There it is in plain English; the God-given Right of Secession. No question mark; just one big-ass period.
Lincoln’s intent to so blatantly violate the Constitution and take illegal military action against a State for legally and with good reason exercising its Right to Secession further outraged not only Southerners, but many Northerners, also; it was a violation of the rights of the States involved. An editorial in the 21 November 1860 edition of the Cincinnati Daily Press said of secession: “We believe that the right of any member of this Confederacy [the Union] to dissolve its political relations with the others and assume an independent position is absolute.” An editorial in the 21 March 1861 edition of the New York Times said of secession: “There is a growing sentiment throughout the North in favor of letting the Gulf States go.” Stories abound of Confederate soldiers who, when asked why they were fighting the Northern invaders, would reply with “Because you’re here.” Regardless of whether or not it actually happened, or whether it’s a metaphor, it does accurately describe the feelings of most Southerners of the time. So, I guess if one were to put it in a (rather large) nutshell, one could simply say that from the beginning the rights of the individual states and the unfair taxation of the southern region of the United States and the unfair regional redistribution of said revenue were the two predominant reasons that thirteen States, many of them pro-Union, ultimately seceded from the United States of America and formed the Confederate States of America, and it is predominantly for these reasons that they fought a war against subjugation by (as Lincoln managed to pervert the Glorious Union of the Old Republic into) the United Empire of America.
What were the North’s two major reasons for waging war upon the South? Answering that question may be just as simple as it was with the South, but I think I can get through it faster. The reason is that the only two major reasons they really had weren’t both recognized from the beginning. The only way to address them is realistically; as if they have no connection to one another other than that they were excuses for waging war on the South. We’ll take them chronologically as used by Lincoln to excuse his illegal invasion of, and war against, the Confederate States of America. “Does that mean we’re going to talk about slavery now?!” Please. Not hardly. Instead, let’s talk about Lincoln’s first and only (as per his own [at least in 1861] words) reason for invading the South… The preservation of the Union.

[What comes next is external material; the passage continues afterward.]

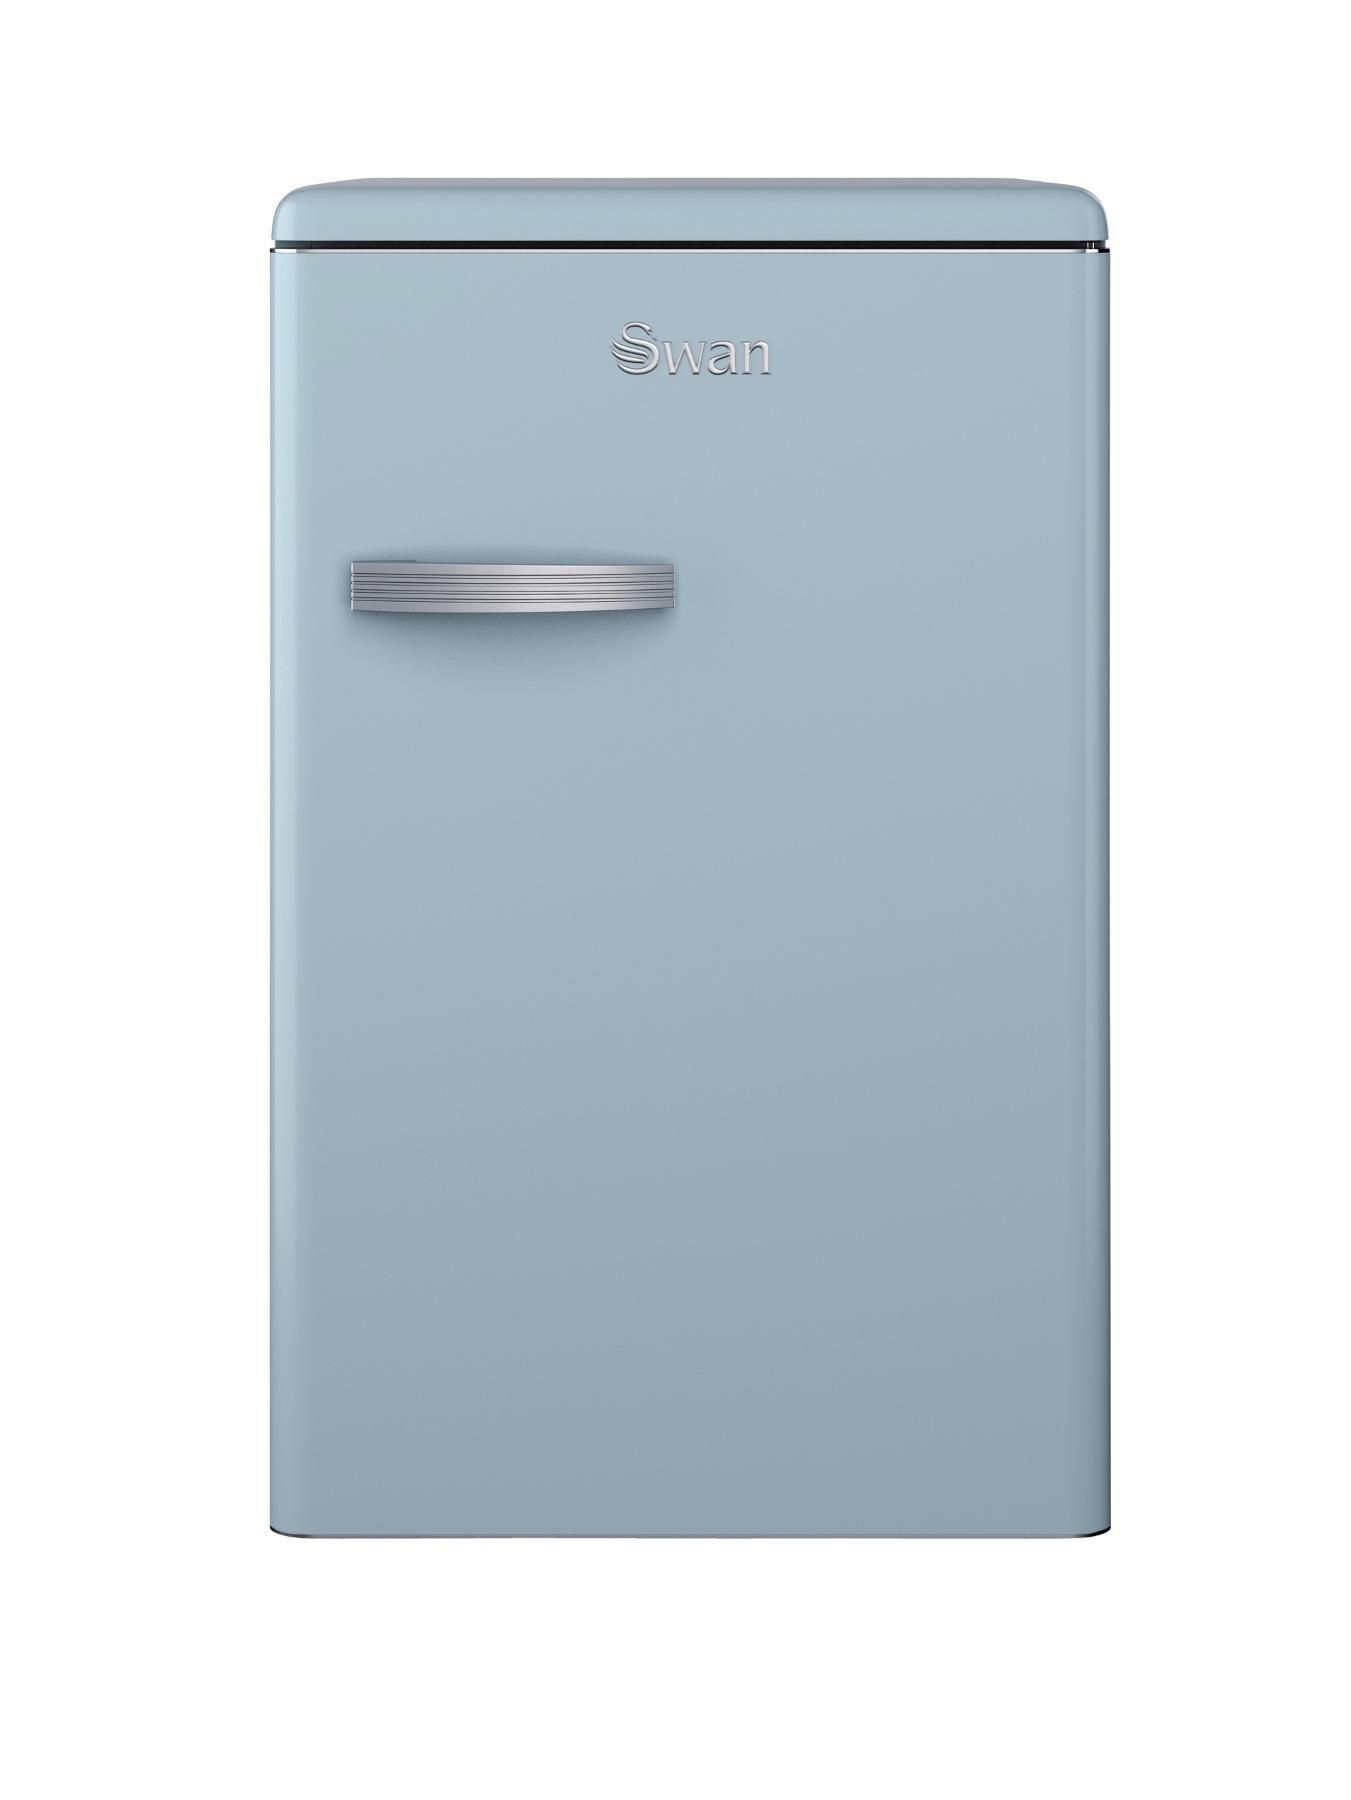 FFU4DX American Style 70cm Frost Free Fridge Freezer - Stainless ...

From the outset Lincoln claimed his only purpose in strong-arming the South into submission was to “preserve the Union” even though he had as late as four months to the day previously said “This country, with its institutions, belongs to the people who inhabit it. Whenever they shall grow weary of the existing Government, they can exercise their constitutional right of amending it or their revolutionary right to dismember or overthrow it.” On 4 July 1861, in a speech given to a special session of Congress, Lincoln asked Congress to “call out the war power of the Government; and so to resist force, employed for its destruction, by force, for its preservation…” “…thus to preserve the Union from actual, and immediate dissolution.” His hypocrisy is sickening, his character vile, and people deify the man. That term, “to preserve the Union,” was a favorite line of Lincoln’s even though the Union wasn’t in danger of anything other than losing some land and citizens, but use it often he did, and it’s the reason he used when he asked Congress for, and was given, the Powers of War. For that reason alone it’s fair to say that officially, the North was fighting strictly for the preservation of the Union from the beginning of the war. My question then, is this: Why, on 4 April 1861, when John Baldwin (attorney, Unionist, and future Confederate soldier and Congressman) asked him if he would use force to return the South to the Union, did Abraham Lincoln answer, “Am I to let them go, and open Charleston [and other Southern ports] as ports of entry with their ten percent tariff? What then would become of my tariff?” Obviously, the only way that tariff could be collected was to “preserve the Union.” Lincoln was supposedly trying to “preserve the Union,” but the heart of the entire matter was money; a fact that the South not only recognized, but openly admitted. Again; unfair regional taxation and unfair regional redistribution of revenue.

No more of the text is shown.